◆ Directions ◆
Extract from the entries below, exactly as given, only the lines from the line containing "[17.10.31 JTV] 전주" to the line containing "MyGirl Vol.363 51P, mygirl, Zhu Ke Er", both lines included.

Items from a dataset:

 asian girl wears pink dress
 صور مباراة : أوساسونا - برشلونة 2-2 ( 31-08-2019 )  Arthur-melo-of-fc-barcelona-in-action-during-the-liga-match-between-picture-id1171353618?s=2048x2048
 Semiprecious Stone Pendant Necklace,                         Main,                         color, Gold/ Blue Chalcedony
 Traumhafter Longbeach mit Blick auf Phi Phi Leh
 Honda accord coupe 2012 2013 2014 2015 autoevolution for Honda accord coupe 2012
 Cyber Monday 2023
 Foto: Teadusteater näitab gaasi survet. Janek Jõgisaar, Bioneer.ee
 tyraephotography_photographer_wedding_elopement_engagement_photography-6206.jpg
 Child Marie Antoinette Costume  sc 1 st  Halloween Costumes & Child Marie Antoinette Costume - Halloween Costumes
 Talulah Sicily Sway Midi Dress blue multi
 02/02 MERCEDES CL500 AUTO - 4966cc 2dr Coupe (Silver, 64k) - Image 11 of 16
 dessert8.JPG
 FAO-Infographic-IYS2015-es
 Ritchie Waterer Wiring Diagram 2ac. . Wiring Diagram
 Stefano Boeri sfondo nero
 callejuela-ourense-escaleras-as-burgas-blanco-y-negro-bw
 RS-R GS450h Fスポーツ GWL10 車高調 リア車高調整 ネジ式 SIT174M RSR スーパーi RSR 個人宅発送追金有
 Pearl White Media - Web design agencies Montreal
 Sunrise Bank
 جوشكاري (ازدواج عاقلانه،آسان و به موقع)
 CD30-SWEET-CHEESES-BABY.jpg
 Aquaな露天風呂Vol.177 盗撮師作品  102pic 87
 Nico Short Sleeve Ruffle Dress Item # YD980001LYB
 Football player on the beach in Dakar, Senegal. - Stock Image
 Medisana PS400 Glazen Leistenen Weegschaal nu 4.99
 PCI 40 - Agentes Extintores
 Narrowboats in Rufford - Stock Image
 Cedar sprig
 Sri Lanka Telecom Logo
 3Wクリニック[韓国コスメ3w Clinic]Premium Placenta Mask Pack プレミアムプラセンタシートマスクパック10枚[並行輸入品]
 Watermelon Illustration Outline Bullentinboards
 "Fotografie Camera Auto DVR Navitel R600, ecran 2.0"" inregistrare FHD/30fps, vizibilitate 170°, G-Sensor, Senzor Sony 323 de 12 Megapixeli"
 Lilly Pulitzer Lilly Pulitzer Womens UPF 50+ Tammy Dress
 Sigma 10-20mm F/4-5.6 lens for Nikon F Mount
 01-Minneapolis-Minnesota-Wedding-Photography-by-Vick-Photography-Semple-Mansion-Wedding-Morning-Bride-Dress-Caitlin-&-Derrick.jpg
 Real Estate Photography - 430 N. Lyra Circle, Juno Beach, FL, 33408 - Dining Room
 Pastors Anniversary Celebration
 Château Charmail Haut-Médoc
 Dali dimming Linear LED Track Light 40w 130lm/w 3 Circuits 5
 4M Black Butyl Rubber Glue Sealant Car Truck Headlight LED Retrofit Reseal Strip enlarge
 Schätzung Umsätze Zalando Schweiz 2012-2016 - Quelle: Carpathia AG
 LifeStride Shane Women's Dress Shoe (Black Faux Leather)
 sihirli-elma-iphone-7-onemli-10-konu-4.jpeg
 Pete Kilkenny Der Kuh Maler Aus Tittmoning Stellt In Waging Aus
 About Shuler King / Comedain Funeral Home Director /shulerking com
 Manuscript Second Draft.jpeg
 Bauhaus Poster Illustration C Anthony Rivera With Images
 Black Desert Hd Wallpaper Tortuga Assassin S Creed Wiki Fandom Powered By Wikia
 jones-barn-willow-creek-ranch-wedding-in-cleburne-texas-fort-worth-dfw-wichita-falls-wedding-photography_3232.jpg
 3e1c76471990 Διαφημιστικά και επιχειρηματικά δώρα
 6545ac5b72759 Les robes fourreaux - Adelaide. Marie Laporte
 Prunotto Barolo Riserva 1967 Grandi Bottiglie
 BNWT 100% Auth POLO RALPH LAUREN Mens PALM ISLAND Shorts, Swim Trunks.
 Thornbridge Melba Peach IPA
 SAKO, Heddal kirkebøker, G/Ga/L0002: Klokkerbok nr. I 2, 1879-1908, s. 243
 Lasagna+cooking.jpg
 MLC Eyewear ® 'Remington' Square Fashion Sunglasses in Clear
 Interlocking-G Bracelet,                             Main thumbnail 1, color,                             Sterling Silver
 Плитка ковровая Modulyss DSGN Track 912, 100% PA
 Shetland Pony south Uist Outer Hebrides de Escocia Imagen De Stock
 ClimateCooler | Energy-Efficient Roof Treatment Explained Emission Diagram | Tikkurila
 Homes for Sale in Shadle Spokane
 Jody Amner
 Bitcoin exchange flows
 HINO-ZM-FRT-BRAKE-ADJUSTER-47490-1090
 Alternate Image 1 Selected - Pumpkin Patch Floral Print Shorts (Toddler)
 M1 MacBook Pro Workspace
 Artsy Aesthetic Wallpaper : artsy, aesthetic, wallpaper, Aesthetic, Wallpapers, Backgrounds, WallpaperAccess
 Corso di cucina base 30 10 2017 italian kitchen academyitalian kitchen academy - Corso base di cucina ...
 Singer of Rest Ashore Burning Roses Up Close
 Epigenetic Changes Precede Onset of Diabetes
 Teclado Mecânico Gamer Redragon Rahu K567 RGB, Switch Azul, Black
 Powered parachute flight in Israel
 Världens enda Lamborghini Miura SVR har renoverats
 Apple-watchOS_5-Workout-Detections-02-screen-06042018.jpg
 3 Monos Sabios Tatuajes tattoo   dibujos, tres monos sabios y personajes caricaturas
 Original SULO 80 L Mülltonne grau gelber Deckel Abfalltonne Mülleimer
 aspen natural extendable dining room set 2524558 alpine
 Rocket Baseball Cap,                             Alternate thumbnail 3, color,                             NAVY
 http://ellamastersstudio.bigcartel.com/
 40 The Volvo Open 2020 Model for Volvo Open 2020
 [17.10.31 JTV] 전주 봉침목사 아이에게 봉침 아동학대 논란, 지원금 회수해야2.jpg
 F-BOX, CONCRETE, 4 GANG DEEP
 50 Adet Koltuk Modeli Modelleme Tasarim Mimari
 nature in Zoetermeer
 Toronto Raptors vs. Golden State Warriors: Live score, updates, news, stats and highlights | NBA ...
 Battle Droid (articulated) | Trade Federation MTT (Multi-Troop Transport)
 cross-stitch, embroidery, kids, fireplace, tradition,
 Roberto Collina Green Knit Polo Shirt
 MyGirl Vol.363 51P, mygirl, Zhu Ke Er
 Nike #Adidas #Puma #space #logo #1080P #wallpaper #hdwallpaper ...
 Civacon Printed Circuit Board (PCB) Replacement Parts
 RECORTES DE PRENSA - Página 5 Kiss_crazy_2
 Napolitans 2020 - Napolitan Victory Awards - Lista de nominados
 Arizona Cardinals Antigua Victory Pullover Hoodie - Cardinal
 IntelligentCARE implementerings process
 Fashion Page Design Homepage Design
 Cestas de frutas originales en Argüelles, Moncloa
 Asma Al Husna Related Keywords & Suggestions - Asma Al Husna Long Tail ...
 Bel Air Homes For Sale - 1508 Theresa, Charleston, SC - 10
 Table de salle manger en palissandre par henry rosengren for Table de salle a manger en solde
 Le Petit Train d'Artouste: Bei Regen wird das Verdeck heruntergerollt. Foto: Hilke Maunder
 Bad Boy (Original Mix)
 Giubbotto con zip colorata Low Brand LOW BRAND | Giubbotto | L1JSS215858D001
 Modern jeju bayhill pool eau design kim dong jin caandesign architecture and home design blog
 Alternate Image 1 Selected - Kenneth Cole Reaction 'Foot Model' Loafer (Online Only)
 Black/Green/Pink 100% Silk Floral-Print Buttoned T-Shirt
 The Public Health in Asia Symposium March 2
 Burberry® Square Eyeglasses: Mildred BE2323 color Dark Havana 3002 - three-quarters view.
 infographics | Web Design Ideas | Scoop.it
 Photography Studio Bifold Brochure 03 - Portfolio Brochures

◆ Result ◆
 [17.10.31 JTV] 전주 봉침목사 아이에게 봉침 아동학대 논란, 지원금 회수해야2.jpg
 F-BOX, CONCRETE, 4 GANG DEEP
 50 Adet Koltuk Modeli Modelleme Tasarim Mimari
 nature in Zoetermeer
 Toronto Raptors vs. Golden State Warriors: Live score, updates, news, stats and highlights | NBA ...
 Battle Droid (articulated) | Trade Federation MTT (Multi-Troop Transport)
 cross-stitch, embroidery, kids, fireplace, tradition,
 Roberto Collina Green Knit Polo Shirt
 MyGirl Vol.363 51P, mygirl, Zhu Ke Er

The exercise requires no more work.